Apart from the three ships which transited the strait after a two-week ceasefire in the Middle East war was announced overnight, only a handful of other vessels are on course to do the same, according to ship tracking website MarineTraffic.

That does not imply a major change, with an average of eight commodities carriers transiting the strait daily since March 1, according to maritime data provider Kpler.

More than 800 ships are stuck in the Gulf, according to maritime intelligence company Lloyd’s List Intelligence, and traffic in the strait has fallen by around 95 percent.

“Everybody on the shipping side is obviously nervous,” Lloyd’s List editor-in-chief Richard Meade told AFP.

For crews who have been stuck for weeks aboard ships, the agreement between the US and Iran is the first sign of hope.

“The ceasefire definitely soothes our nerves, hoping it stays this way.

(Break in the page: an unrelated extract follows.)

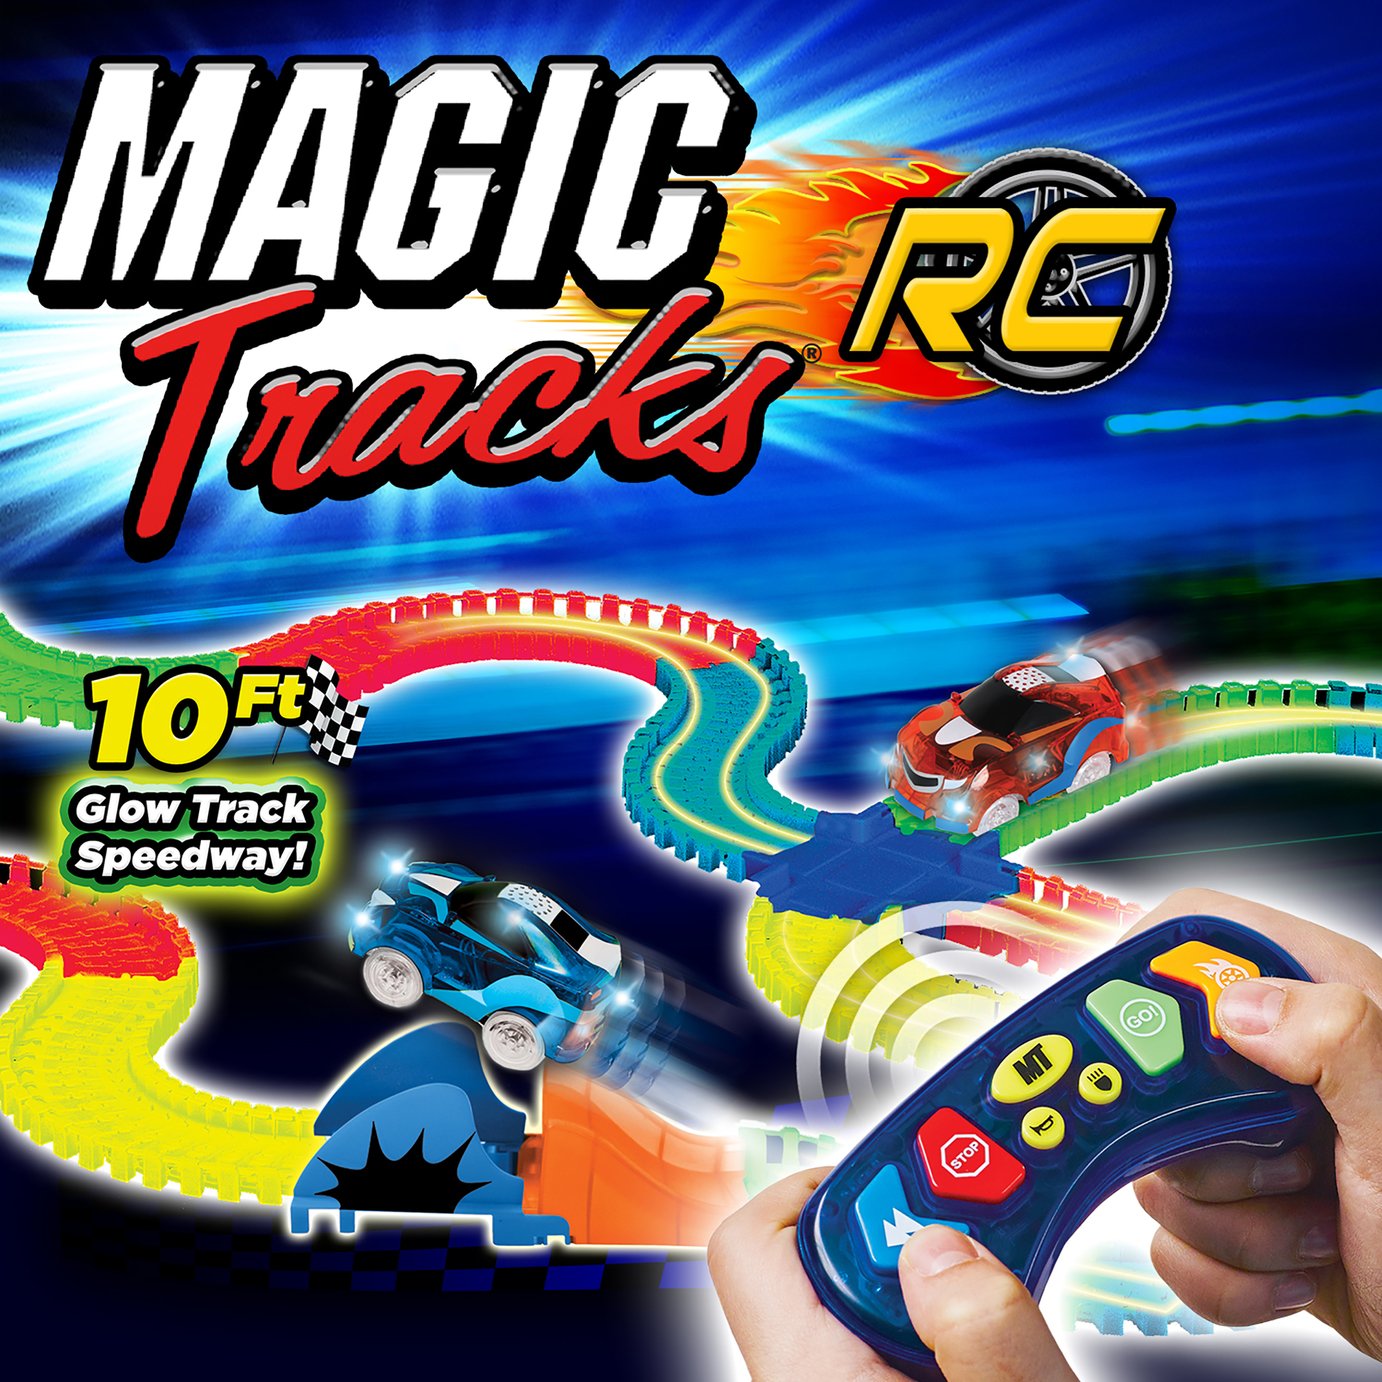 magic tracks turbo rc not working

The crew is finally taking a breather,” an off-duty captain of a ship, whose crew is stranded off Qatar, told AFP.

Leaving the Gulf now “would not be advisable” without coordination with the United States and Iran, Mr Jakob Larsen, chief safety and security officer at shipping association Bimco, told AFP.

He was echoing the advice from other shipping industry voices who say the situation is still too uncertain for any major moves.

“We still don’t know if the area has really become safe to pass through,” the Japanese Shipowners’ Association told AFP on April 8.